YOUR GOAL: The answer is the line containing "Alternate Image 1" plus every line after it to the end of the material, retyped exactly and without the pictures.
___
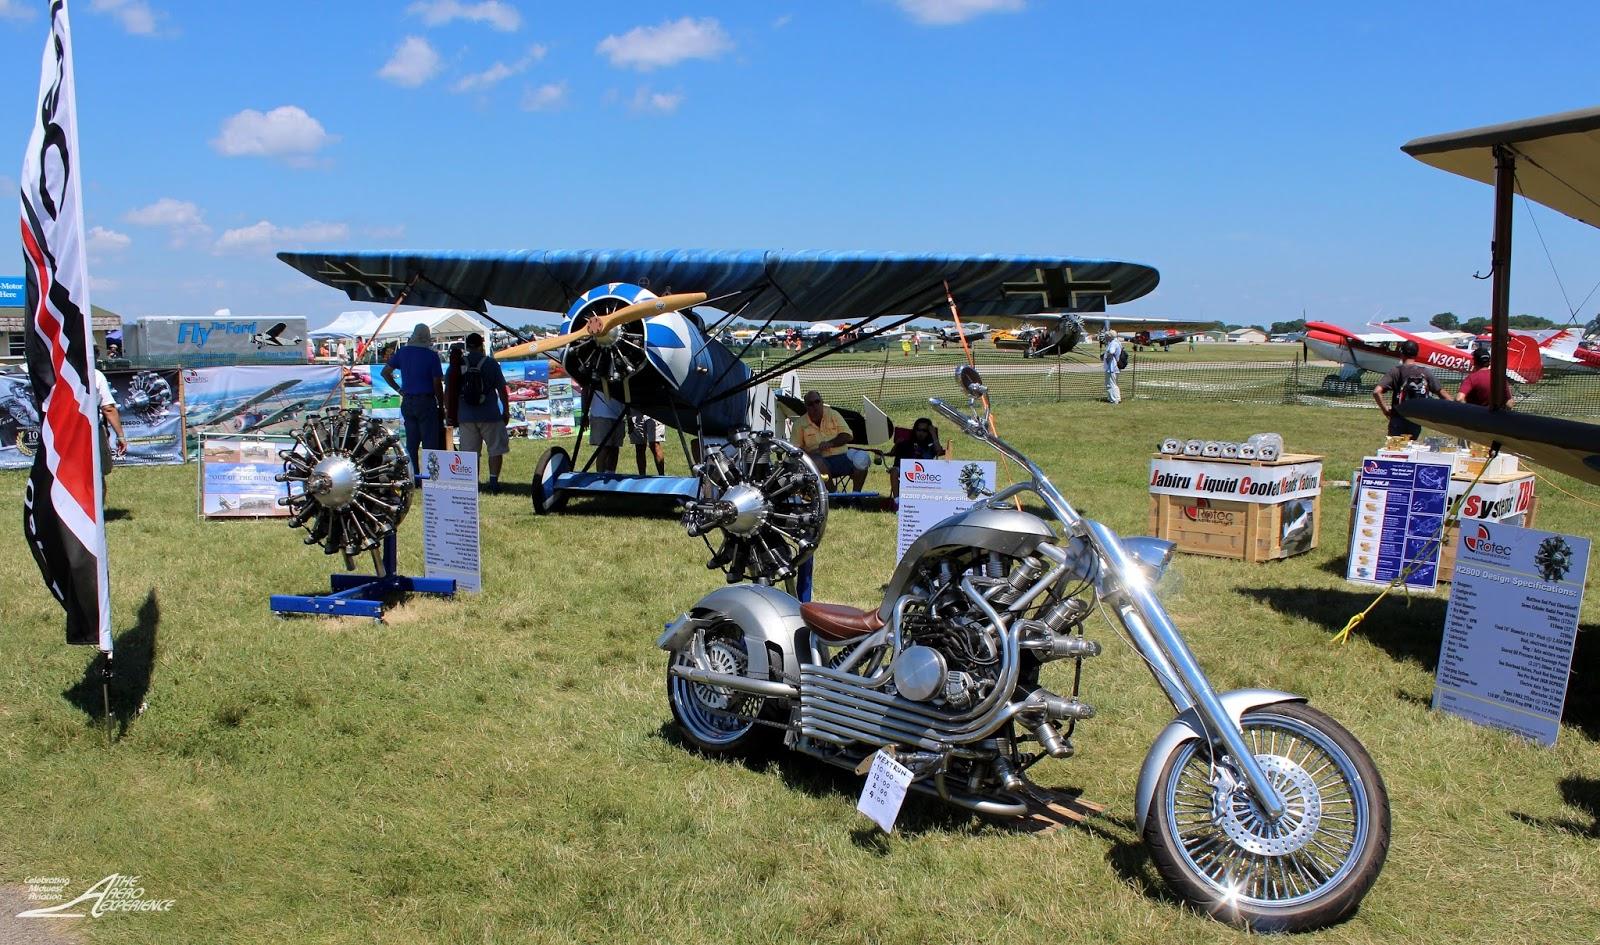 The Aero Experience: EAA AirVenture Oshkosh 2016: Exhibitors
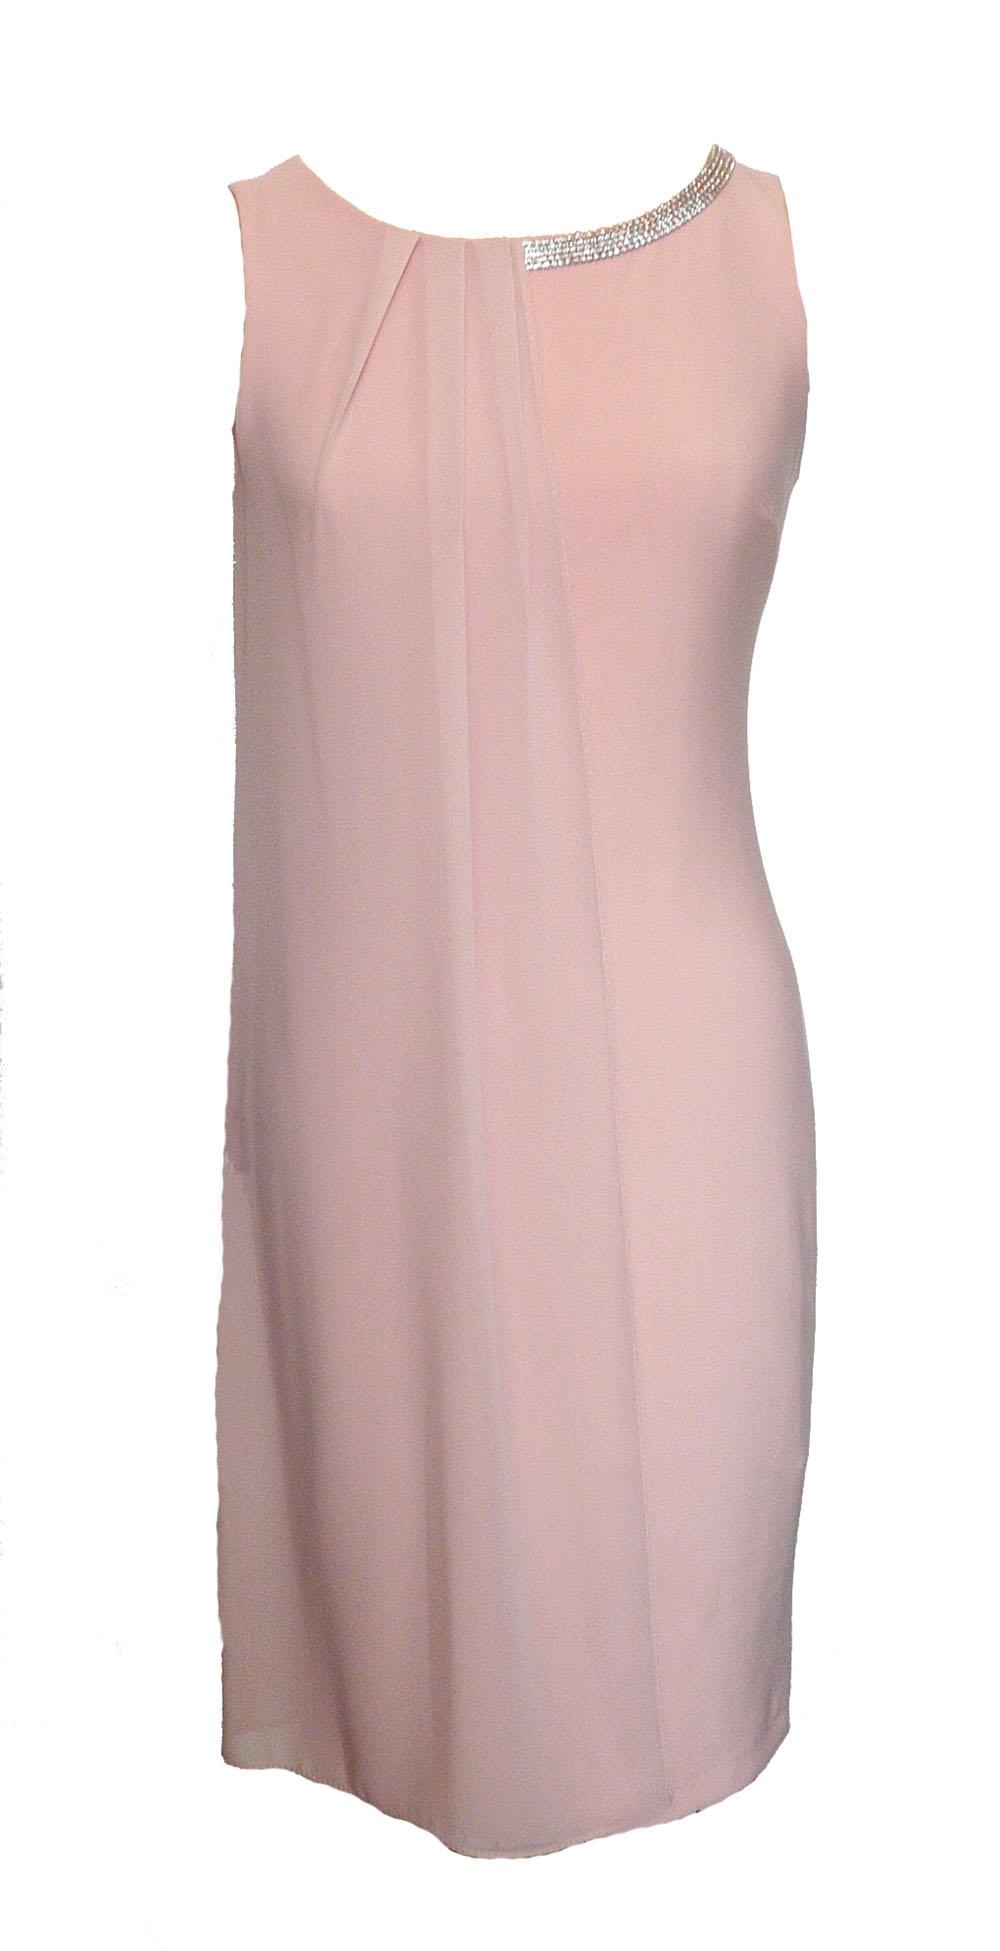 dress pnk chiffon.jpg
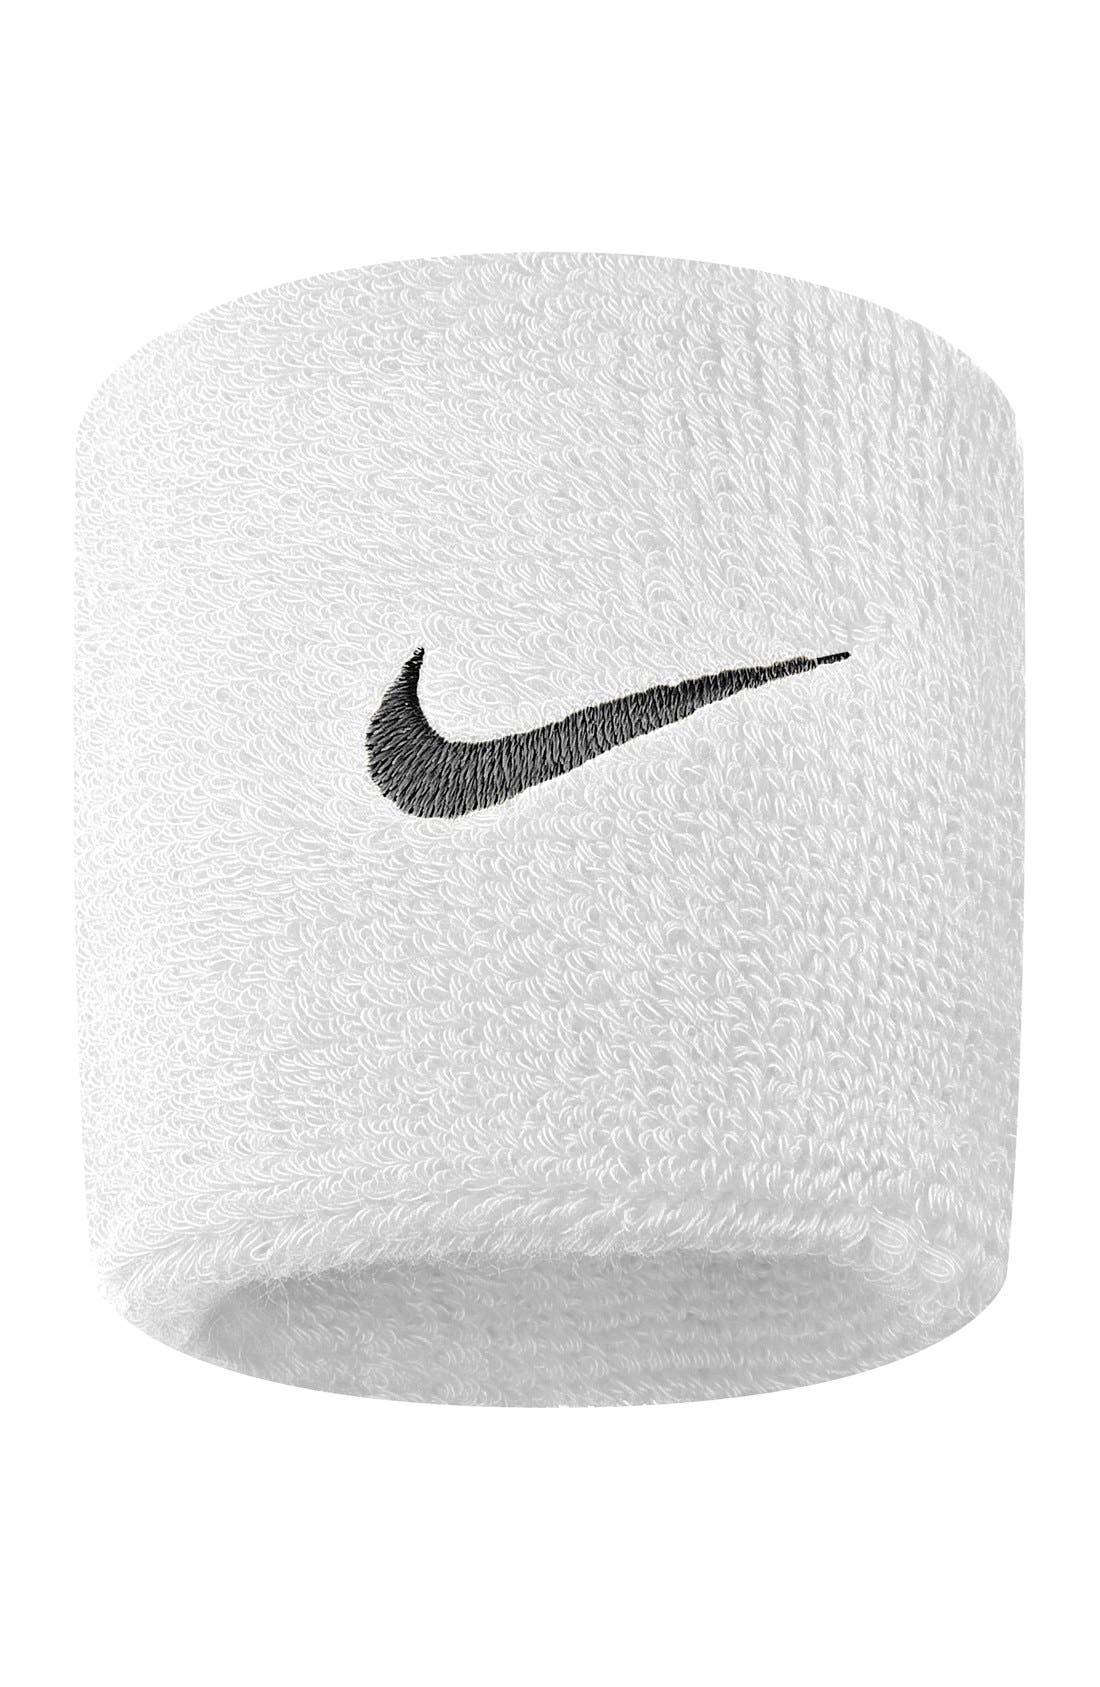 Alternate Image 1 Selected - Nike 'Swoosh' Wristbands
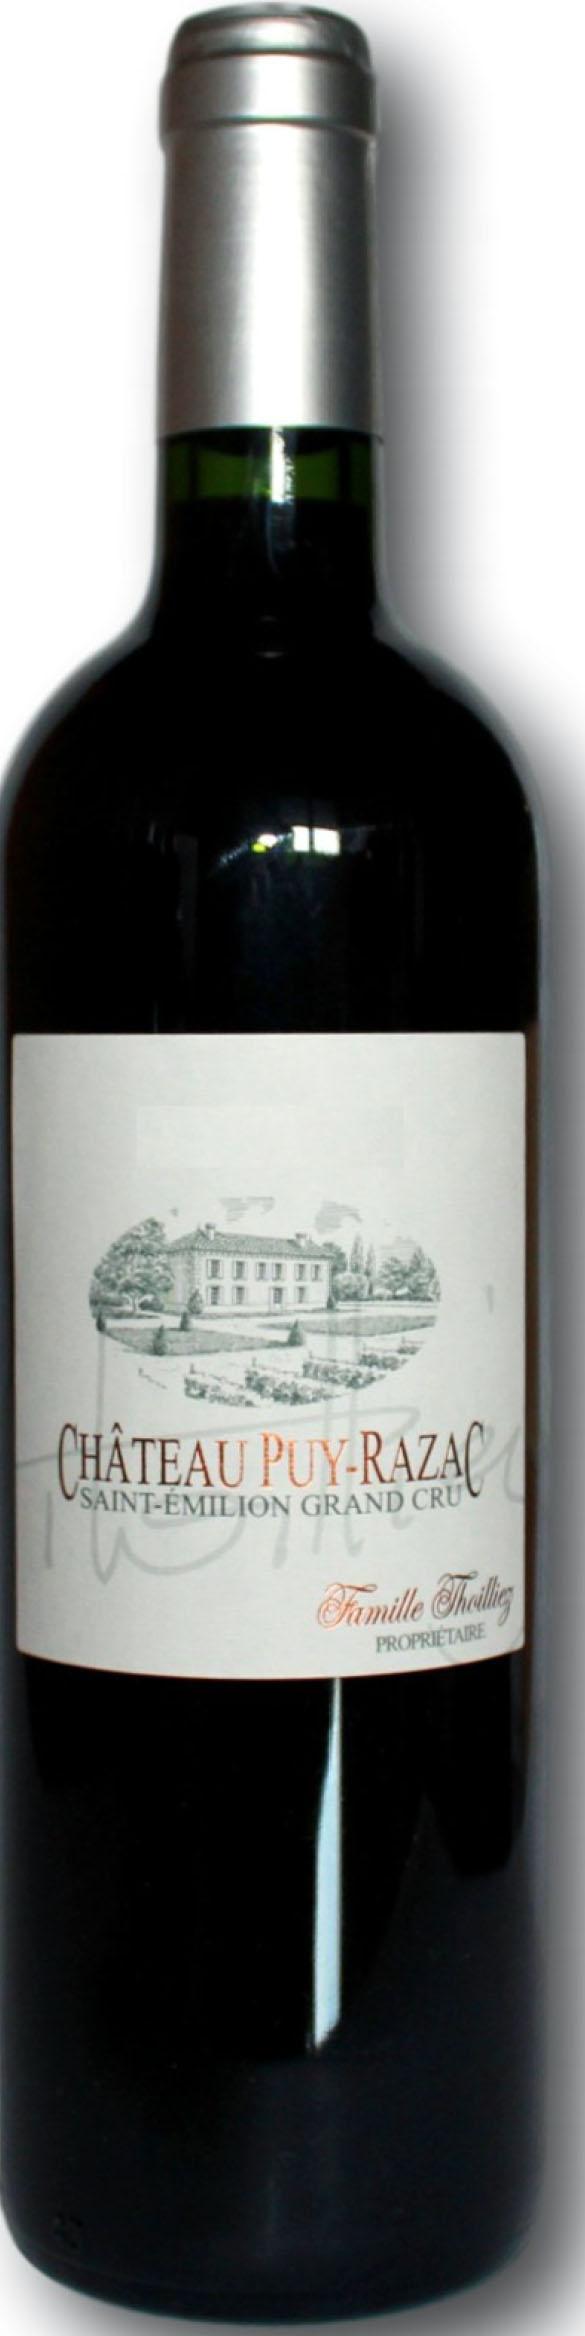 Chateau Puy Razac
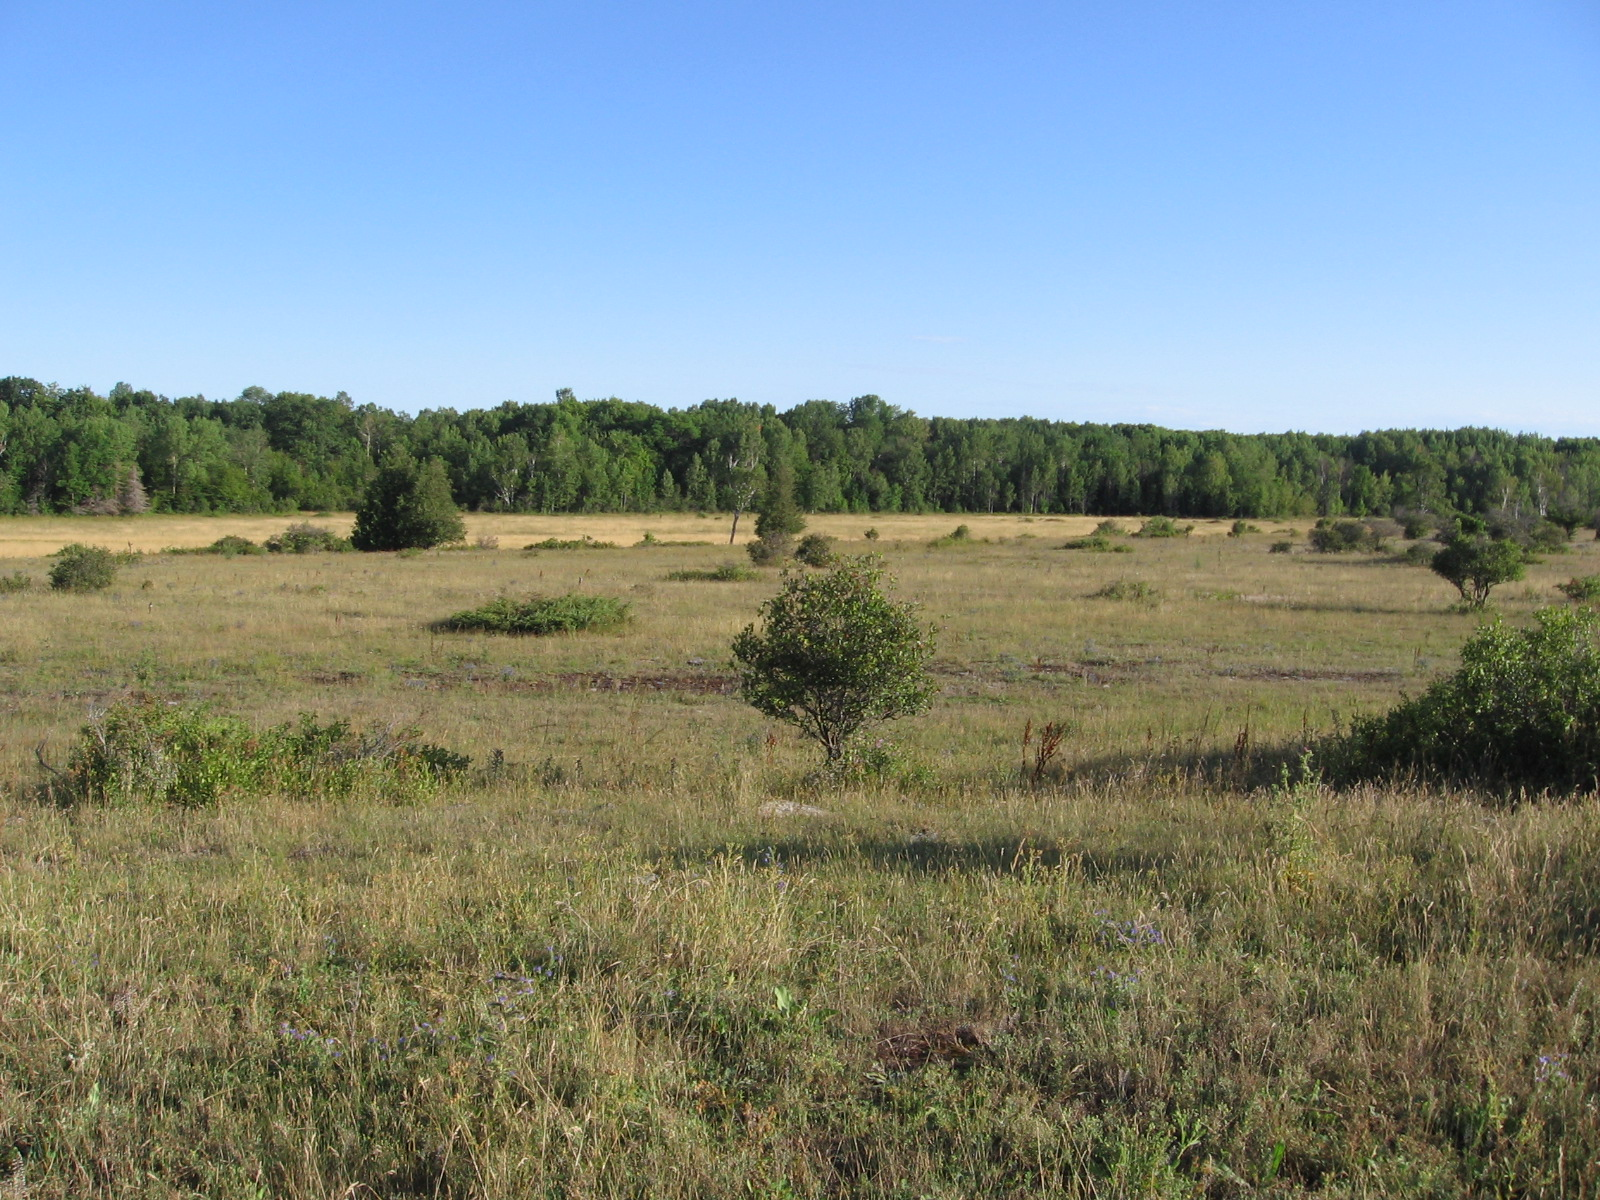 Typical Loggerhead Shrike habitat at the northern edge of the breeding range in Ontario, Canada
___
REPLY TO THE EXERCISE:
 Alternate Image 1 Selected - Nike 'Swoosh' Wristbands
 Chateau Puy Razac
 Typical Loggerhead Shrike habitat at the northern edge of the breeding range in Ontario, Canada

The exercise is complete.